*** Opening of Record set ***

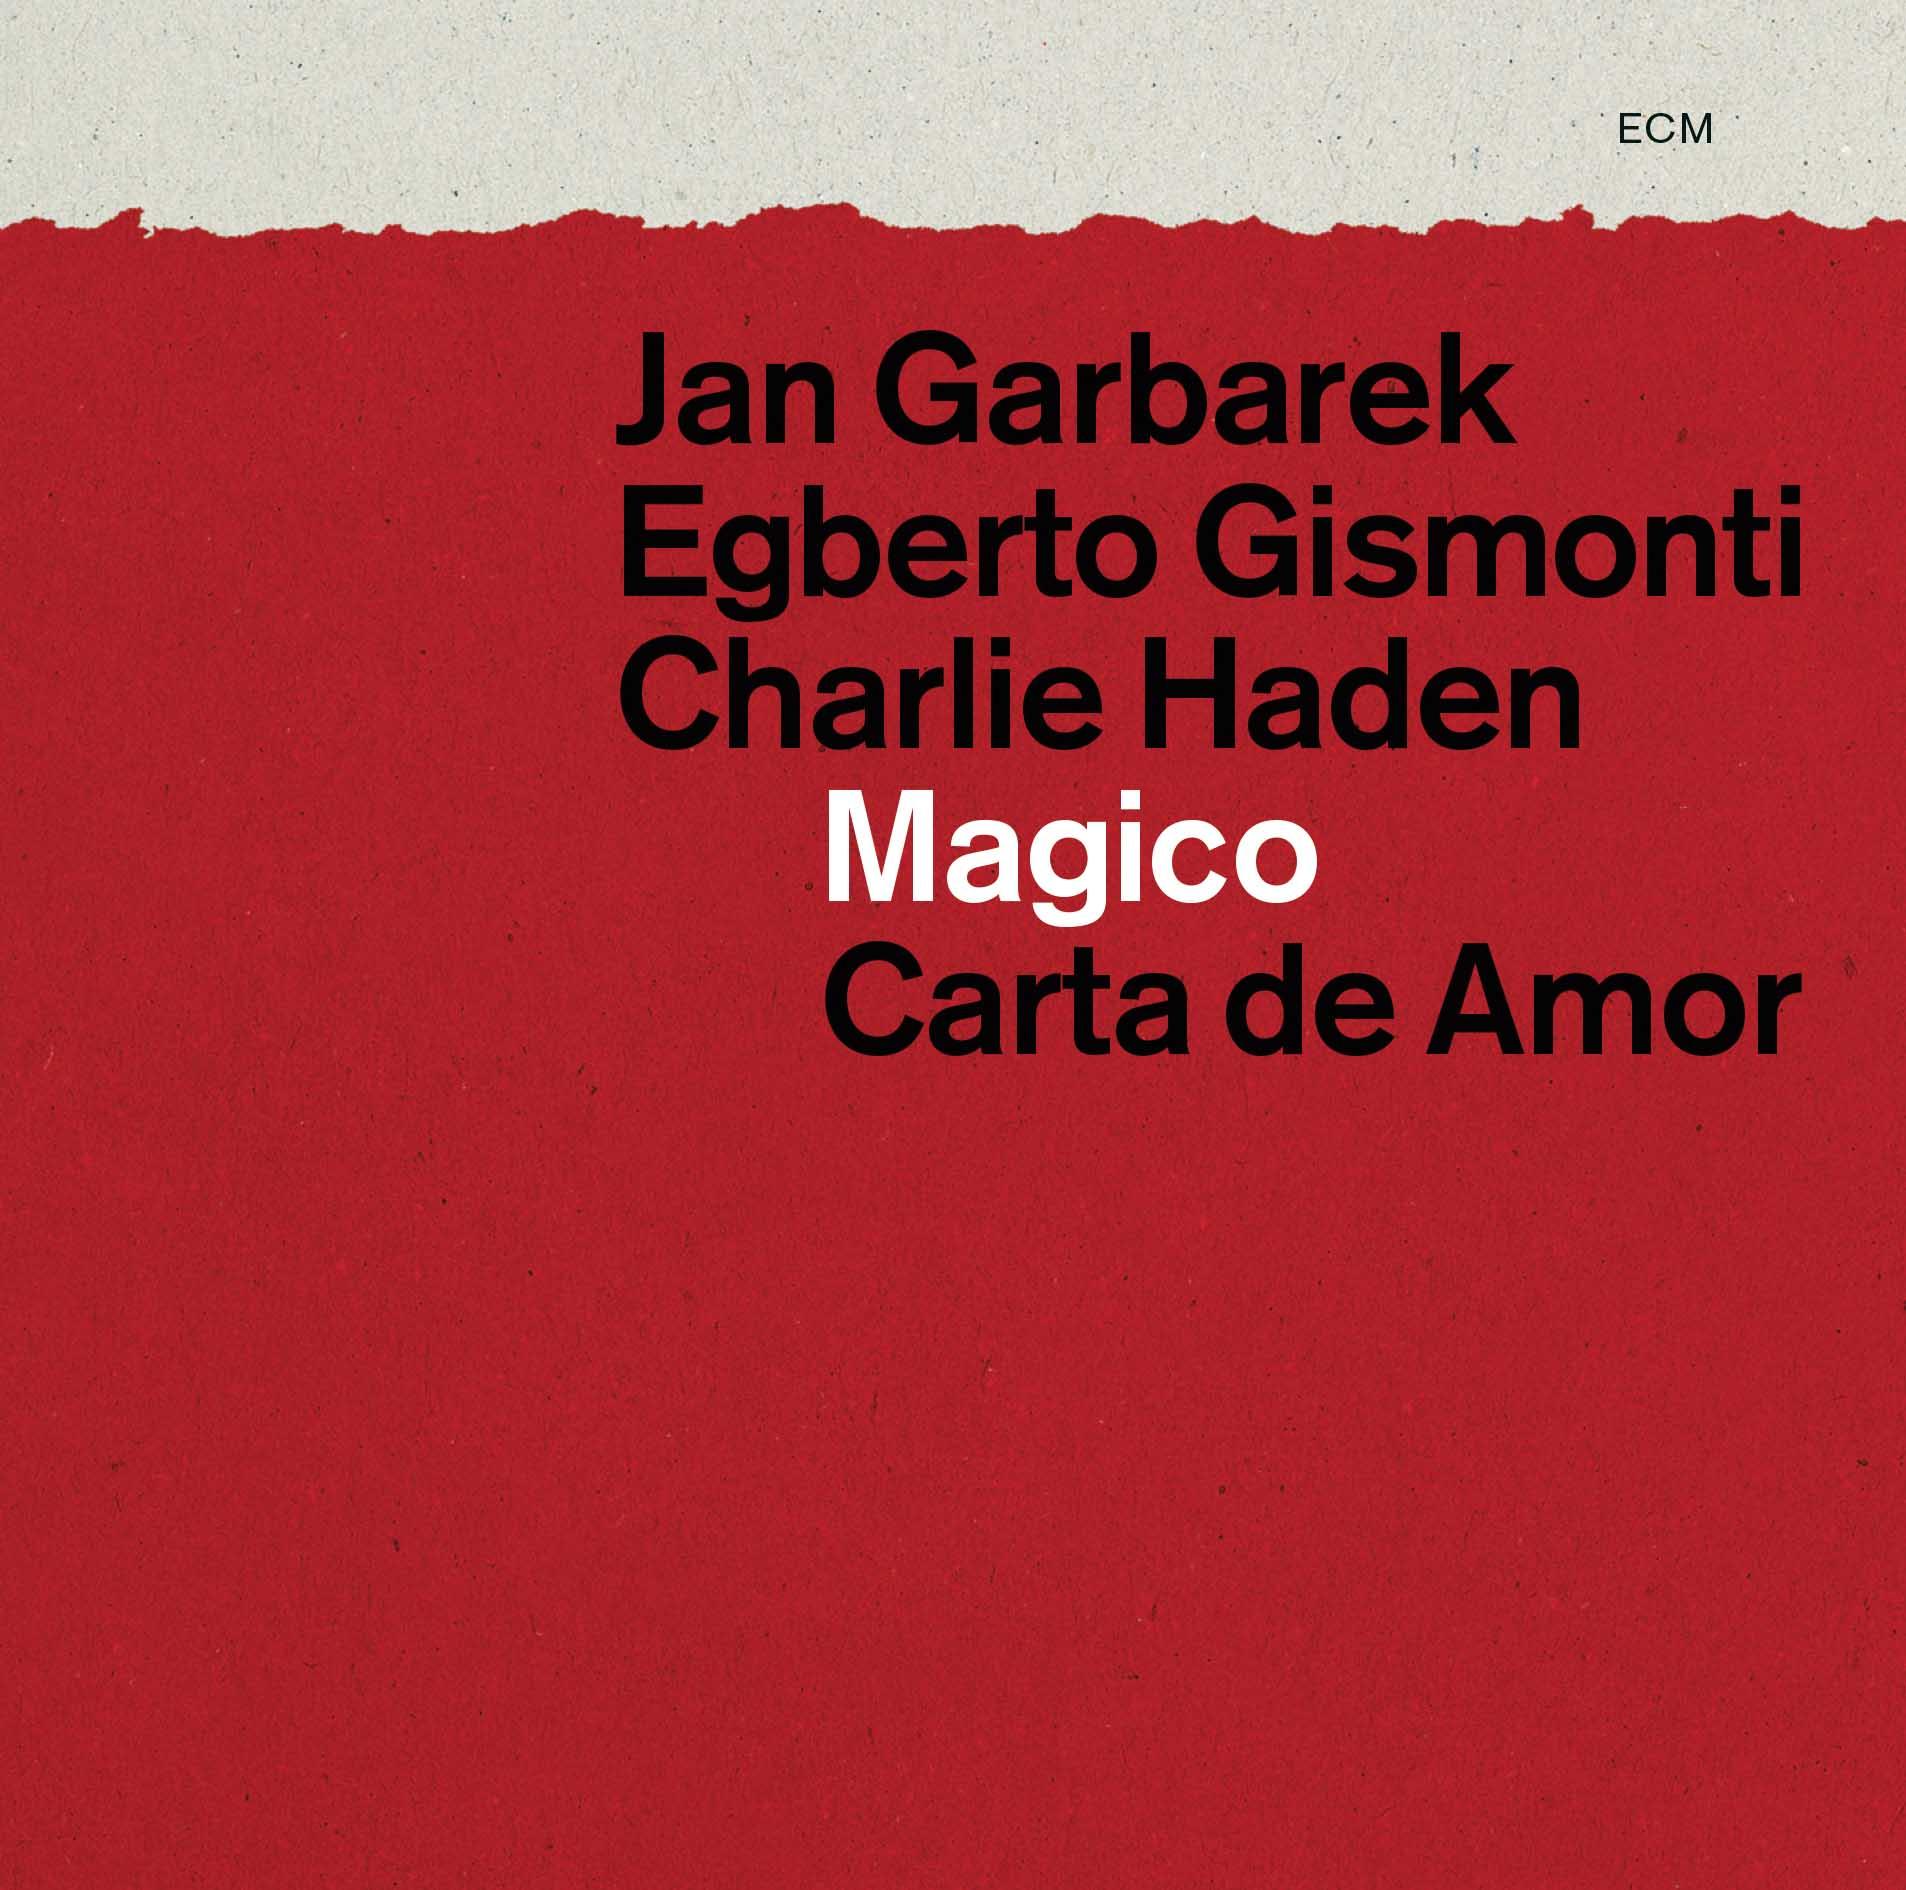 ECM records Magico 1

*** Close of Record set ***
*** Opening of Record set ***

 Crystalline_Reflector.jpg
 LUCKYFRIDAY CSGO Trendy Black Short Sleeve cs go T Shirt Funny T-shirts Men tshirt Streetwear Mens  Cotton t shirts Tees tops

*** Close of Record set ***

## What you need to do
In the listing above, locate the line containing "Crystalline_Reflector.jpg" and the line containing "LUCKYFRIDAY CSGO Trendy", then transcribe both and every line between them verbatim.

## Task response
 Crystalline_Reflector.jpg
 LUCKYFRIDAY CSGO Trendy Black Short Sleeve cs go T Shirt Funny T-shirts Men tshirt Streetwear Mens  Cotton t shirts Tees tops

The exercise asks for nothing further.